“He was a true believer”
The Pretty Things’ rebel-in-chief remembered by the people who knew him best: lifelong bandmate Dick Taylor and manager Mark St John
PHIL MAY | 1944-2020
FRIEDHELM VONESTORFF/K & KULFKRUGER OHG/REDFERNS
DICK TAYLOR: “I metPhil at Sidcup Art School in 1961. He had short hair at that point, he always wore a nice, tidy blazer, and he was into tennis - I was sure he always fancied himself as Robert Culp from I Spy! We played guitars in the boys’ cloakroom and we played music in the canteen every lunchtime, everything from Peppermint Lounge stuff through to Howlin’ Wolf, Woody Guthrie, modern jazz. Phil absorbed it all. I was already rehearsing with Mick [Jagger], and Keith [Richards] was also at the school - he had a little archtop that he tried to play like Scotty Moore. Again, Phil would be listening. So when I quit the Stones, Phil nagged me into starting another band.

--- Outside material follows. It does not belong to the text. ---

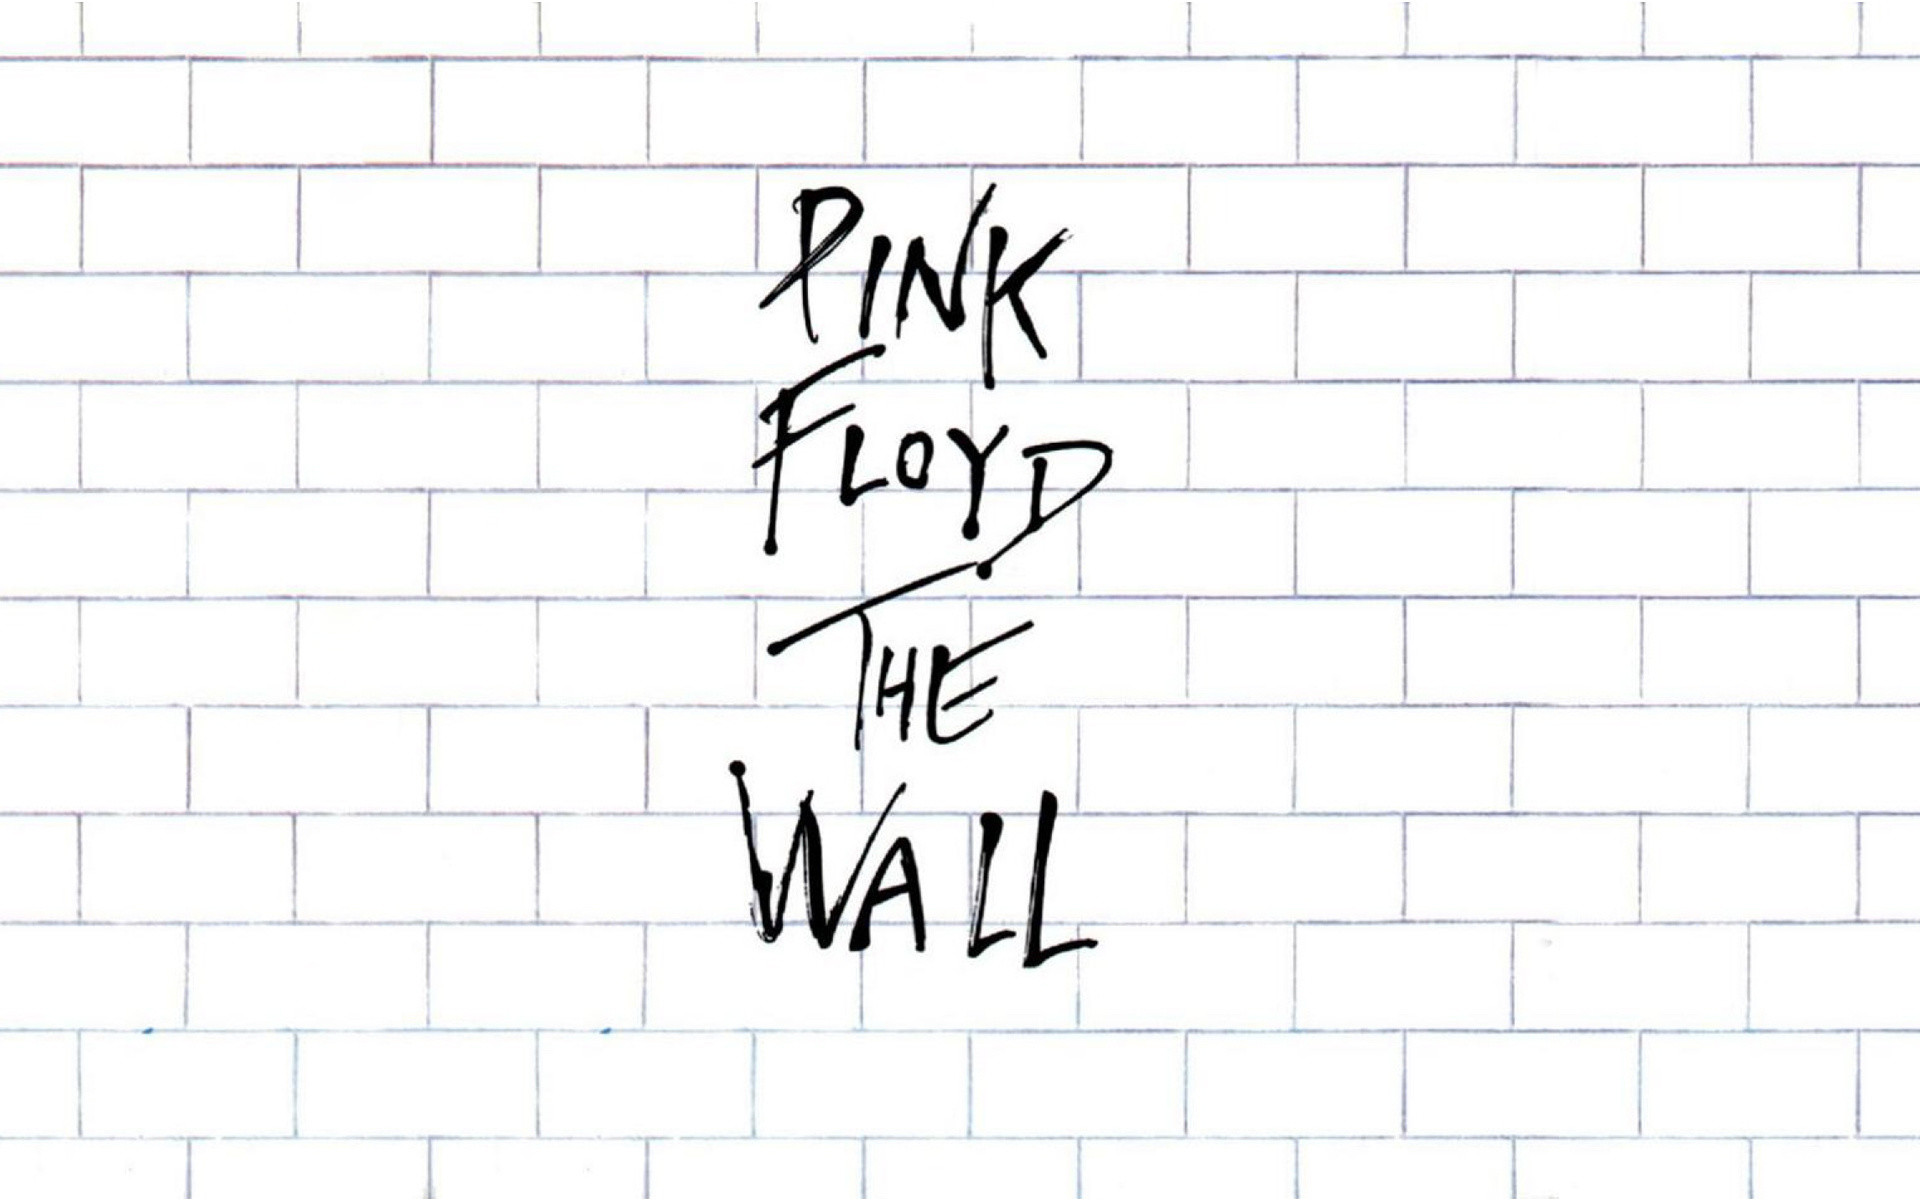 Pink Floyd Wallpaper, wallpaper, Pink Floyd Wallpaper hd wallpaper .

“As soon as we started playing, Phil transformed. If you look at the early footage, I’m standing there being a bit of a toegazer and Phil is really going for it out front. And although at that time he probably lacked technical skill as a singer, he made up for it in enthusiasm. People really warmed to him. The image was almost unconscious at first. Phil just started growing his hair longer and longer. The image got latched onto by the press - ‘The Wild Men Of Rock’n’Roll’, all that bullshit. Really we were just who we were.